Metabolic Syndrome, Obesity, Dysbiosis using Extended FMT Therapy

Designed by Evelyn Tully Costa


Goals: To improve health markers for pre-diabetes, metabolic syndrome and obesity (e.g. elevated fasting glucose, insulin, AIC, triglyceride and weight levels) by administering a series of medically supervised FMTs over a 3 month period using rigorously screened “super donors”.


Tracking Methods and Anticipated Outcomes:  Monthly blood panel and microbiome DNA screenings to measure any changes in gut flora populations and blood work by correlating and tracking improvements in microbial diversity linked to measurable improvements in health markers.


The Science Behind FMTs: Mounting evidence linking disruptions of the gut microbiome (dysbiosis) and a host of chronic diseases is prompting multiple studies, research and treatment possibilities using FMTs and or extracted “human probiotic” capsules to treat, among other conditions: C.diff infections, Crohn’s, ulcerative colitis, IBS, diabetes, metabolic syndrome, high blood pressure, obesity, depression, autism, autoimmune diseases (diabetes Type 1, Celiac, Parkinson’s, MS, Rheumatoid Arthritis, certain skin conditions et al). 


In addition to FMTs 98% success rates reported for C.diff infections, case studies are producing   encouraging observational results for ulcerative colitis and Crohn’s in medically supervised, (in some cases) self-administered extended treatments which have proven just as effective as GI supervised, in medical settings.  Donor and recipient health information regarding these cases is not readily available.

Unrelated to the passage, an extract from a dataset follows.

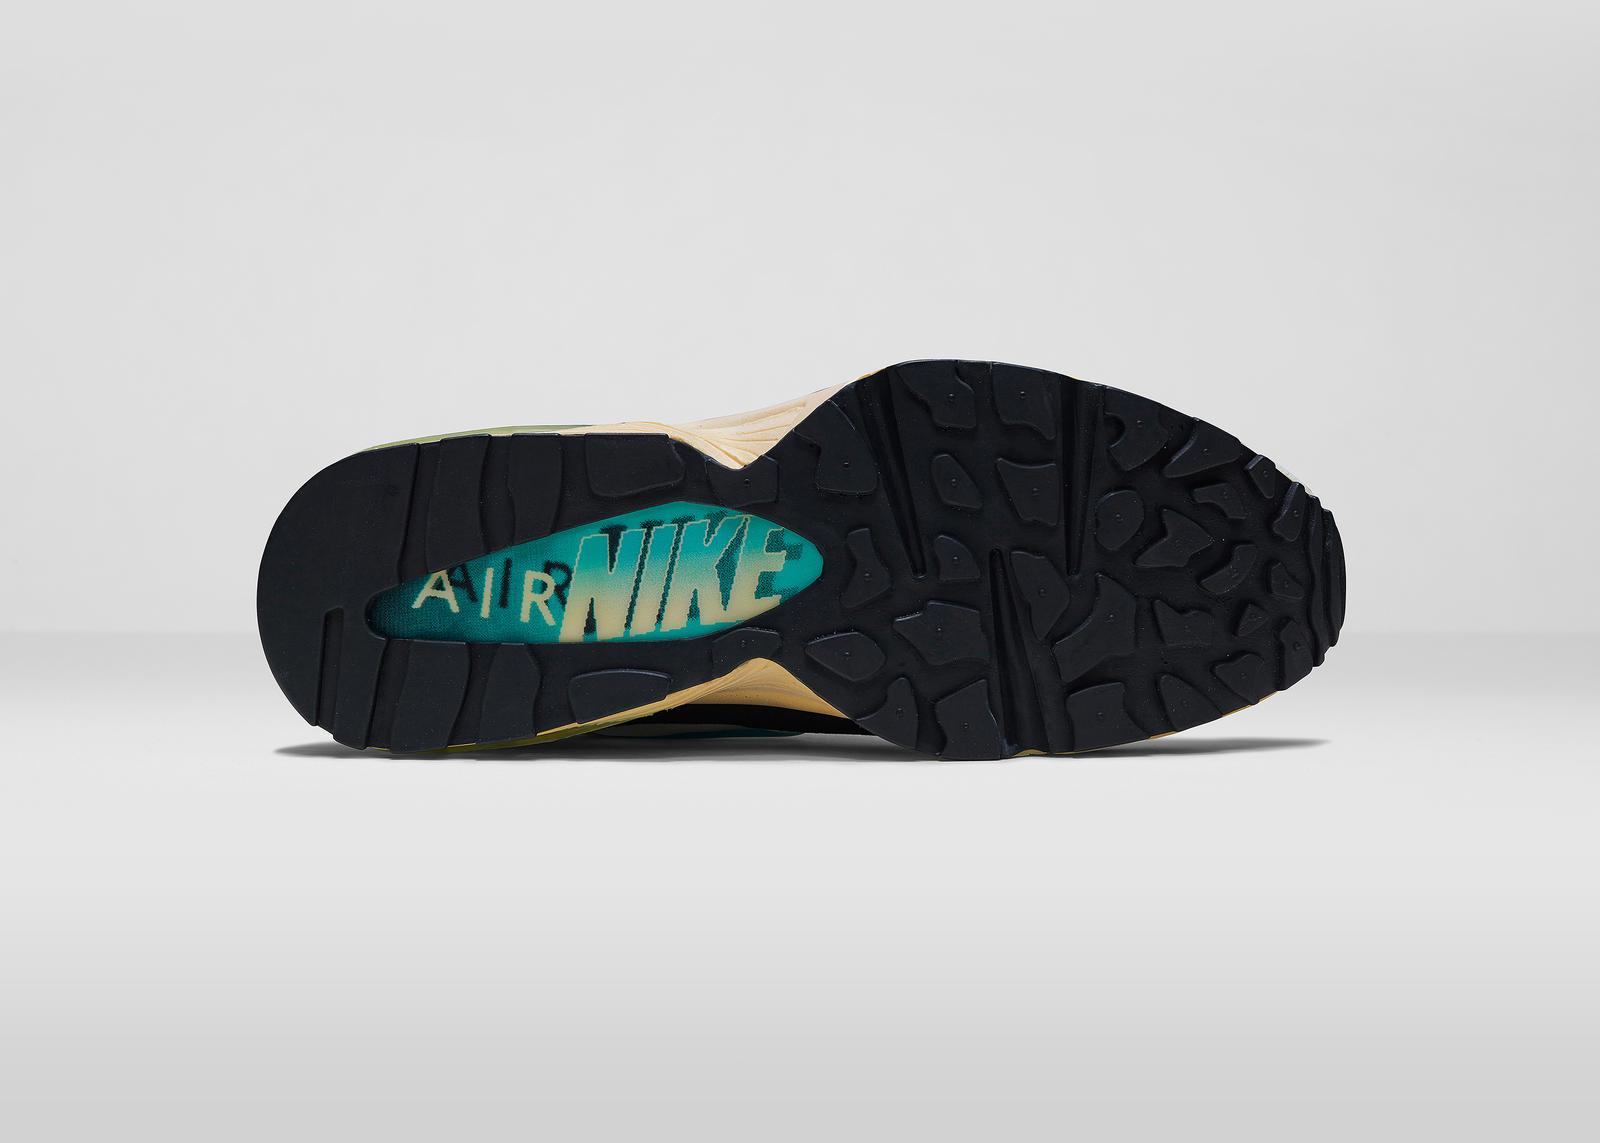 Air Max Archives Nike News

The FMT colonoscopy delivery approach currently used in hospitals and clinics also presents certain draw backs as pre-procedure “purges”, antibiotic “flushes” and blending (aerating of fecal matter might very well contribute to less effective results from a microbial stand point if transferring of certain anaerobic organisms is desirable).


These “cleansing” protocols run counter to current research  which clearly indicates tampering with existing microbial populations as being counter productive and harmful to restoring healthy gut microbial communities. 


While it’s understandable for doctors to use procedures and protocols with which they are accustomed, updating clinical practice based on new findings in the microbiome field to colonoscopic FMT procedures need to reflect a more comprehensive understanding of how microbes work within a functioning and dysfunctional gut.


Therefore until the successful development of “poop pills” for ailments now linked to dysbiosis I am employing the “Fresh Direct” method as nature seems to have provided the best delivery system of viable communities of gut flora.  The question is which ones and in what quantity and from whose gut?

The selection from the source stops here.